Is 38 the year that I pull out all the stops? I stop living for what people may think and live for me. Possibly. I have already been known as the one that likes things "my way". Something that I don't necessarily find as a bad thing. See when I was younger, I would be the one that always wanted to drive. A ploy put in my head by my mother and grandmother. You drive in case you go anywhere, where you have to make a quick exit, you get in your car and GO! That for some reason made me feel safe too, so I always insisted, ok, but I drive. My friends always hated my driving skills. I didn't care then and I don't care now.
I've been thinking a lot, A LOT, about what 38 means and how 40 is around the corner. Being the baby of the family, its hard for me to think that I am approaching 40 and whats more I started asking myself if I am where I thought I would be at this stage of my life. I am blessed with a beautiful family. We own our home. I have a job I truly enjoy and I have become my own CEO as a mompreneur, part of a tribe that I passionately love and representing a brand that I honestly so proud of. All good things. But I still want more.
So what can I do in this 38th year of life to get more.
For one, I thought of not being negative. No longer complaining when things upset me. But that is SO not me. If you know me you know that I vent quickly about whatever is upsetting me at this particular hour and then I quickly get over it. Can I actually not even speak about it or share with a colleague what is upsetting me at this particular minute and still get over it? I am really not sure.

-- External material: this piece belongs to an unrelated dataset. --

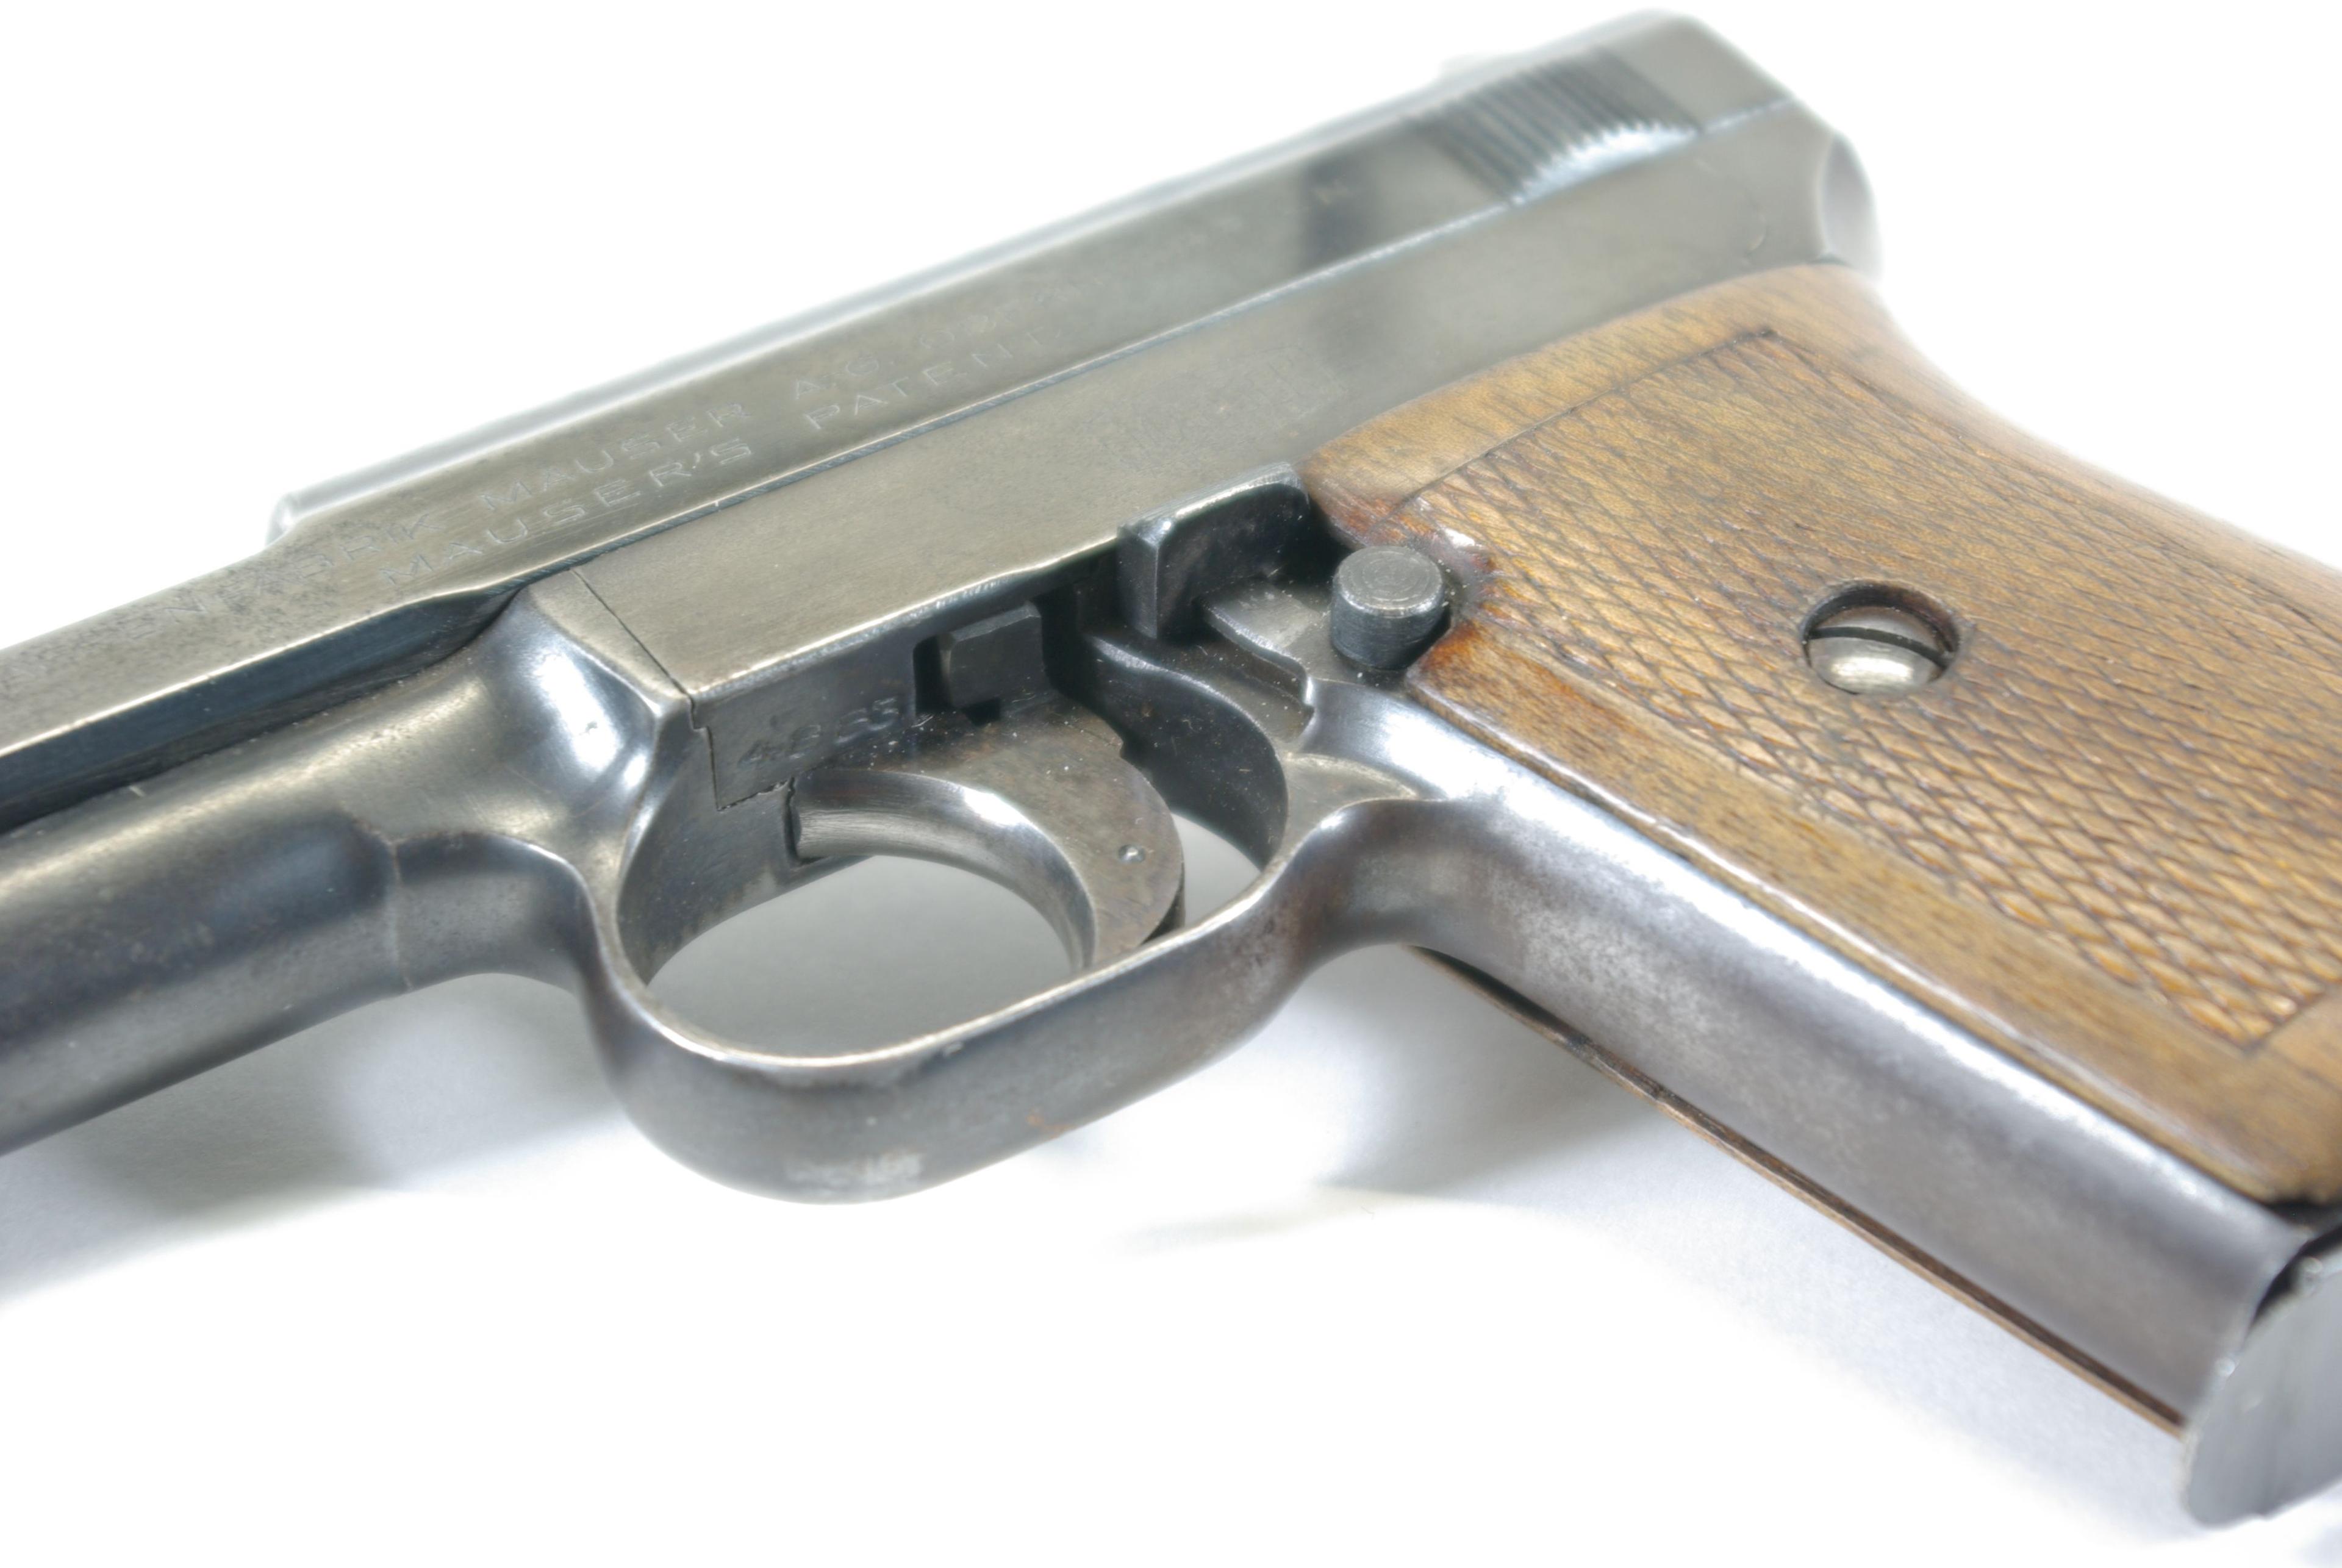 Mauser Model 1914 7.65  SN: 384883

Right now, at 38, my husband, three year old and I are all living my parent's house. Last year there was a Hurricane called Irma. Although it didn't do too much damage, it definitely messed up our roof. The results of which were not seen, heard or smelled until about 5 months after the hurricane. When we promptly reported it to our insurance they were SO (not) generous and sent us a $3,000 check. A new roof is what every company said we needed, therefore we need $15,000... then it happened, the floodgates opened, water came in to our home and now we have mold. On a sunny Sunday morning, I woke up shivering with cold sweats and my body aching all over. My husband woke up feeling a bit weak too and a nasty cough and my 3 year old also had a horrible cough. We decided to start sleeping in our guest room and get the house inspected. The mold inspector shared he wouldn't have his family stay there since he found elevated levels of mold. What will they find when they tear the walls and floor apart? I am sure it will be precious. Meanwhile, we have met with several adjusters and now we have decided to go forward with one.

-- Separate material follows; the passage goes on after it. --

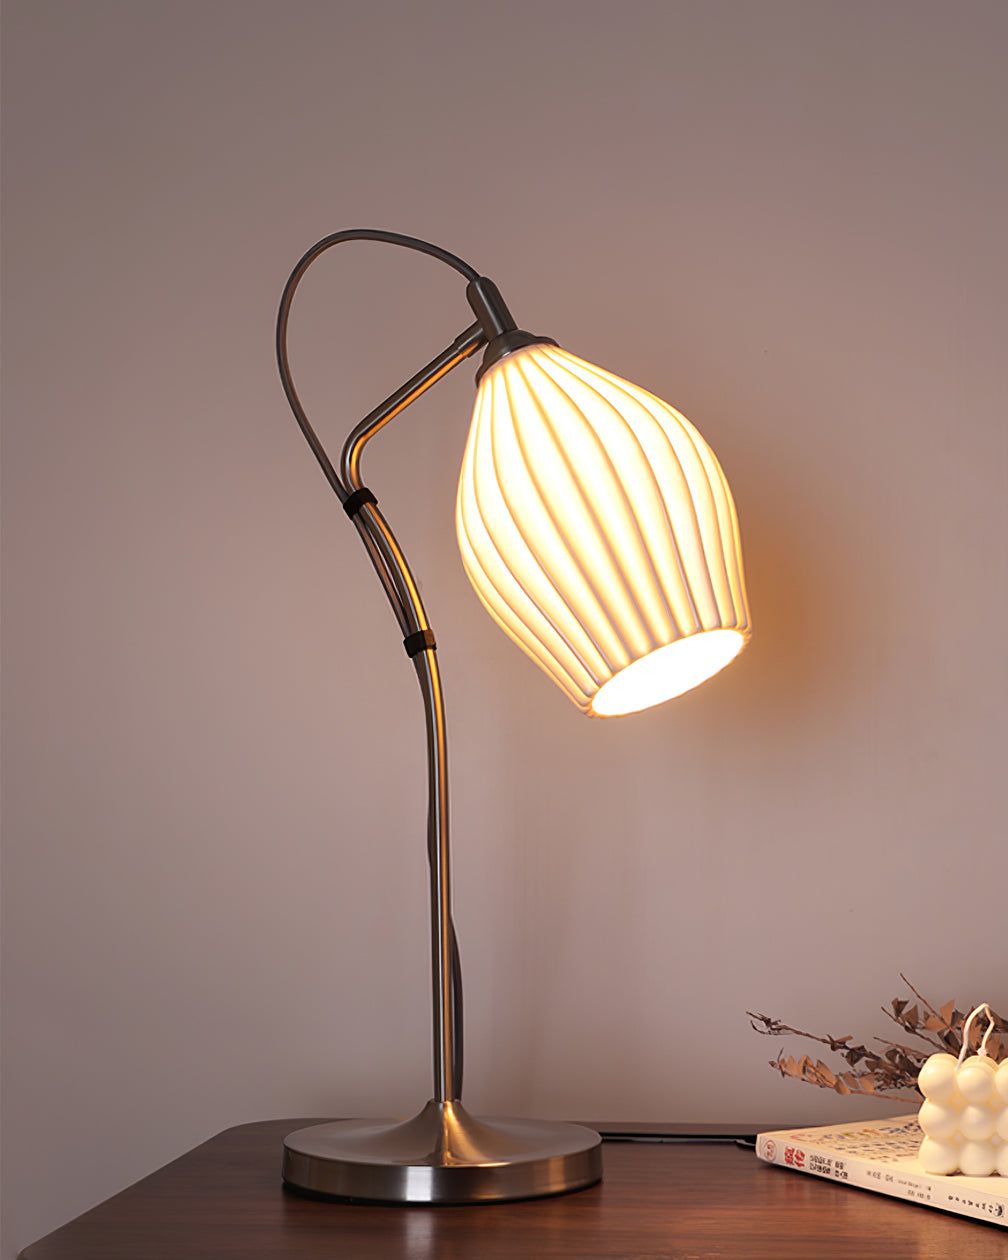 Ceramic Table Lamp Elegant Lighting Option for Any Room

The process of drafting this magical report that goes to our insurance company takes a full month and we are slumming it like Mike and Gloria at the Bruna home.
So that is something I totally didn't think would equal 38.

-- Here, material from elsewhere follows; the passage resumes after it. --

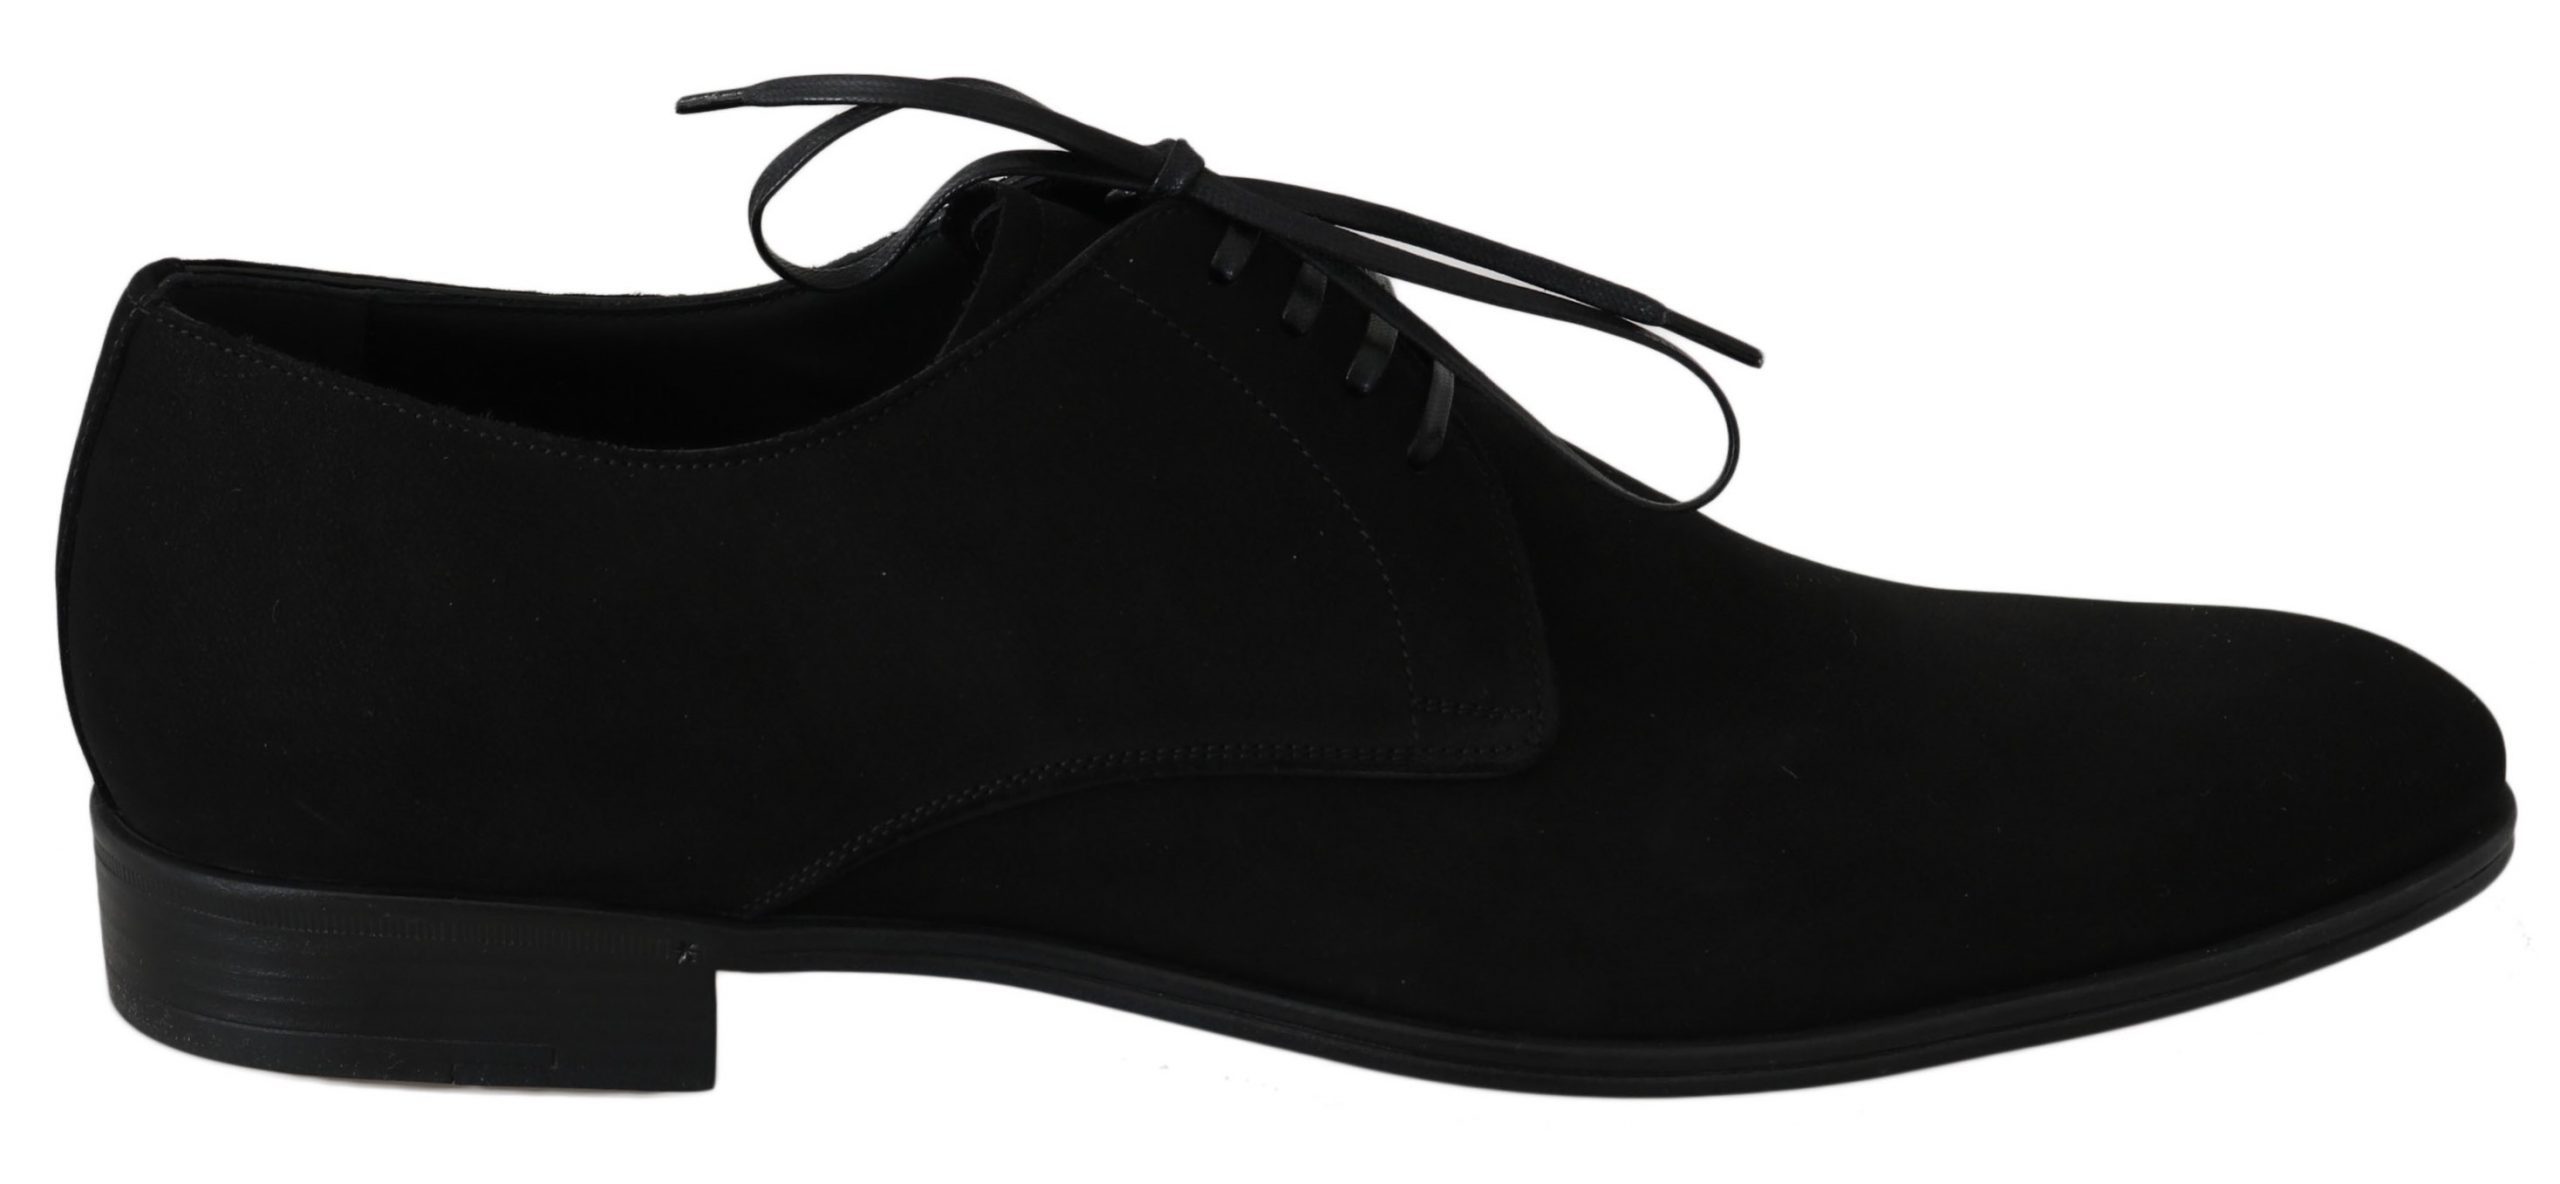 Dolce & Gabbana Men's Shoes Black MV2310 - EU41.5/US11.5

So as I sit here, I keep forming an idea of what this magical year will be. Would it equal travel? Probably not, right, since we will have this crazy roof/mold situation... well but then, I happen to be going to New Orleans, Syracuse, Charleston and Louisville in month 1 and 2 of this new year. Through work I somehow will visit 4 different cities. Pretty cool.
What else will this year bring?
How else can I share with the world how my awesome side gig works? Well maybe I can have an event at each of these cities? I don't know. But that is definitely something I want to explore and do this new year. Do things a bit differently. Share with more intent. Let everyone know. But how?
What else will 38 be?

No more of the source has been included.